Spotlight interview with Joe Deville
As well as being the Chair of the Open Book Collective, due to launch soon, Joe Deville is one of the founders of Mattering Press, a small Open Access book publisher. We sat down with Joe to speak to him about how he became involved in Open Access publishing, some of the challenges that small publishers can face when starting up, and how his work with Mattering Press led to his involvement in the Open Book Collective.
Q: What sparked your interest in Open Access publishing?
Joe Deville: Mattering Press was founded by a group of early career academics who had become interested in the practices of scholarship we and our colleagues were involved in during our PhD. As we finished our PhD, we started to take our next steps into the world of publishing ourselves, including starting to think about book length forms of scholarship. At that point in time, there was no obvious place where you can publish book length, Open Access scholarship in the field of science and technology studies, which is the area in which we were working. So, in a somewhat implusive move, in retrospect, we decided that we should start our own press! We didn't really know much about many of debates around Open Access at that point, but we knew that we wanted scholarship to be available as easily as possible. I think that our deeper interest in the Open Access movement started with the decision to create that press. Then, of course, we've learned a lot more both in terms of how to be a publisher and in relation to Open Access. That's continued all the way up until the COPIM project, which is how I became involved in what would become the Open Book Collective.

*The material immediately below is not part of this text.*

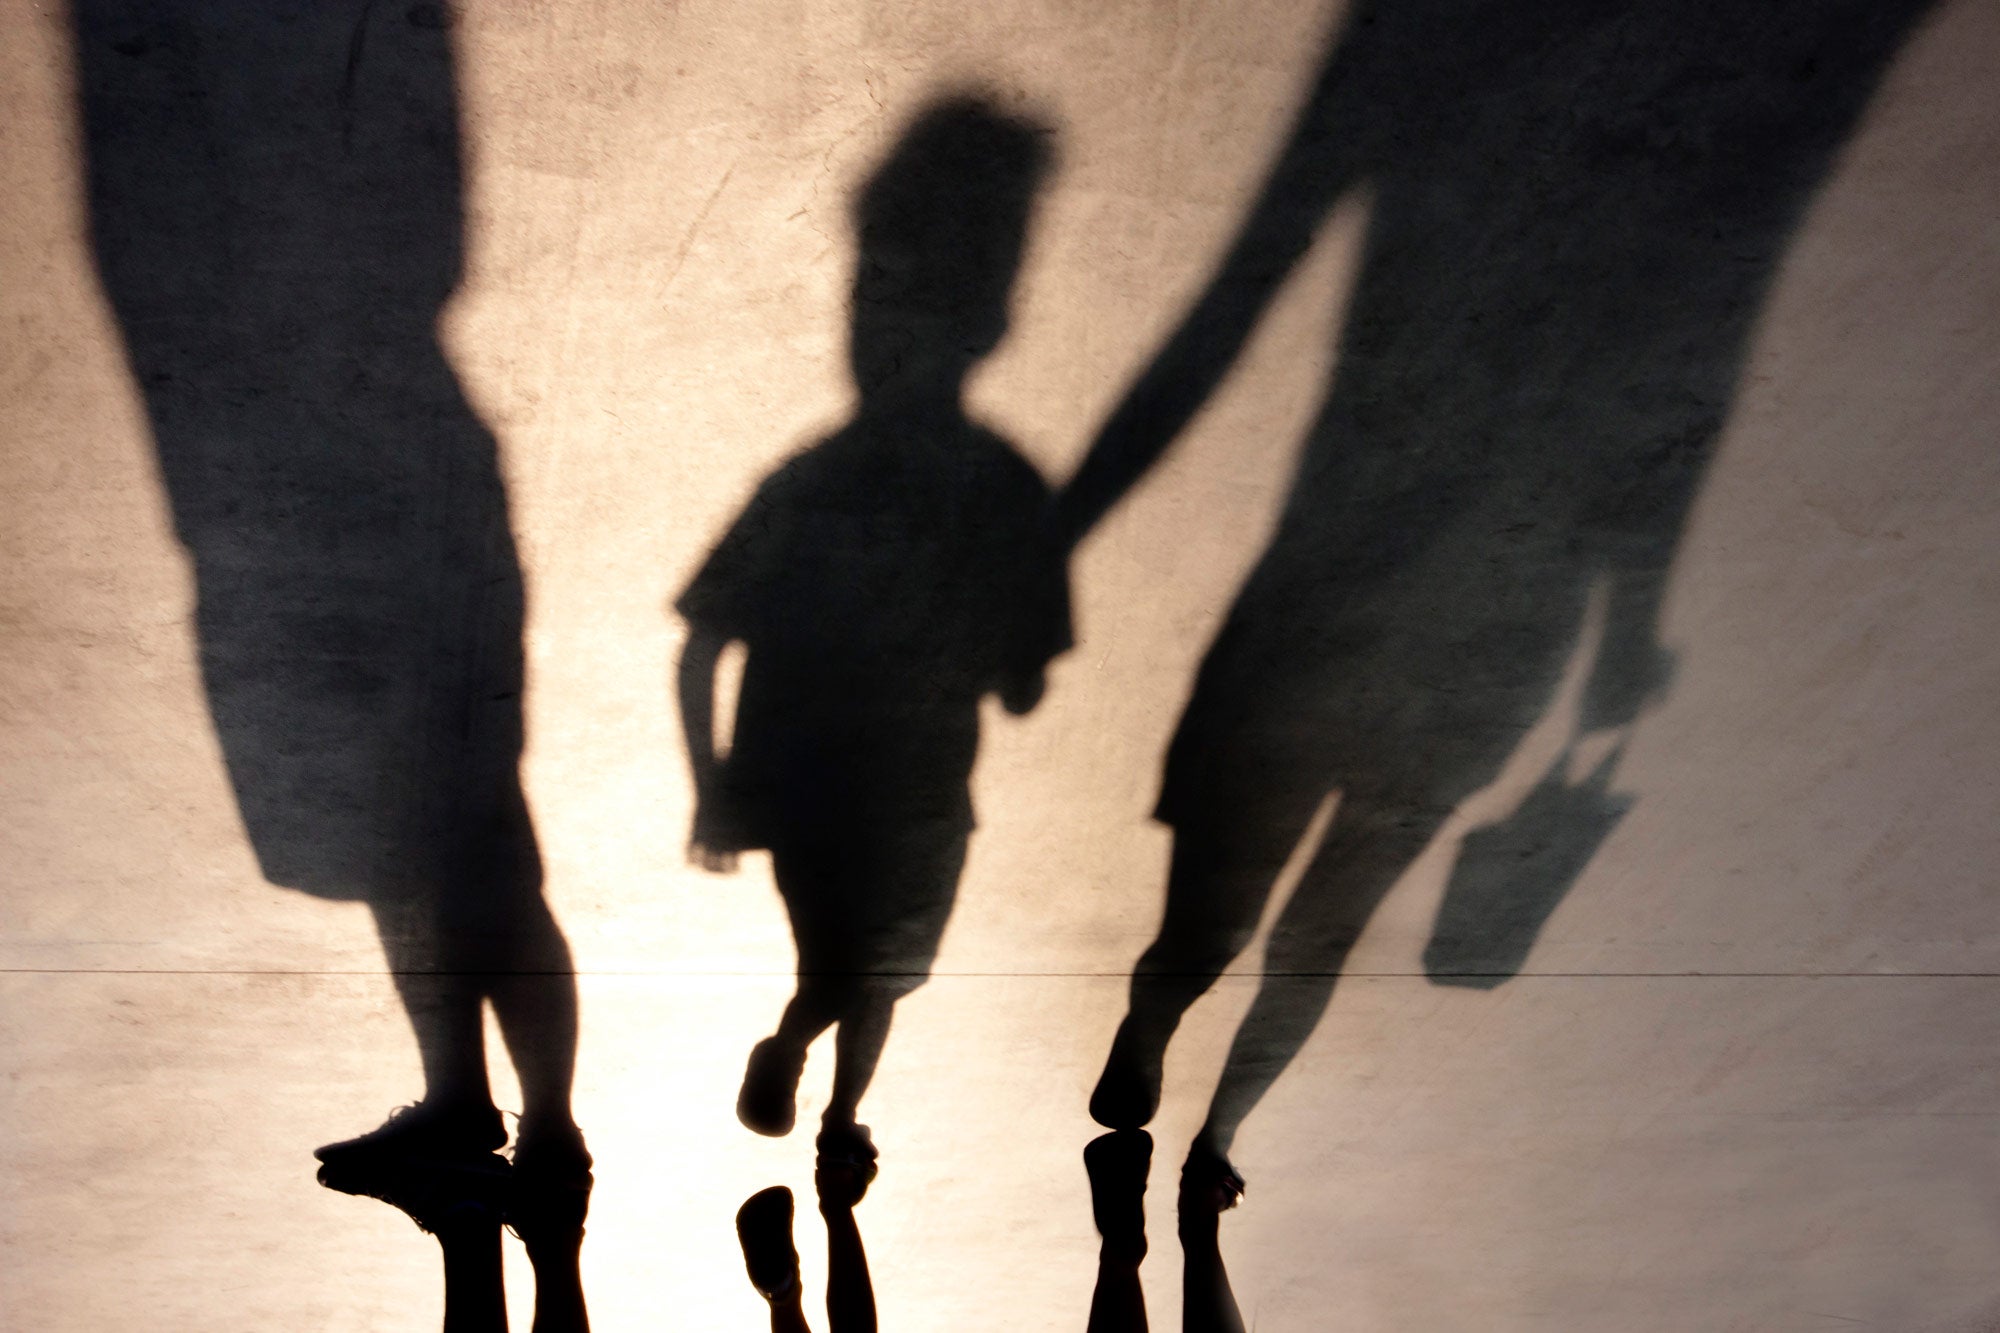 Shadows of a family being separated by parental alienation. A silhouette of a family of three with a young child or toddler holding the hand of one of the parents and being led away by them.

Q: That’s really interesting. You have almost answered the next question, which was how did you come to found Mattering Press? Maybe you could tell a little bit more about the early stages of the process, what sort of hurdles you overcame and what your ambitions were at that time?
JD: In terms of the the press itself, one of our ambitions was to publish open scholarship but there was a simpler reason why I wanted to create the publisher. This group of us had been providing each other with forms of support during our PhDs and we wanted to carry on working together. The press provided a nice way of us being able to do so. I think it's important to recognize those other motivations for wanting to get involved in publishing. The scholarship is important, but sometimes you just find a group of individuals that you like working and collaborating with.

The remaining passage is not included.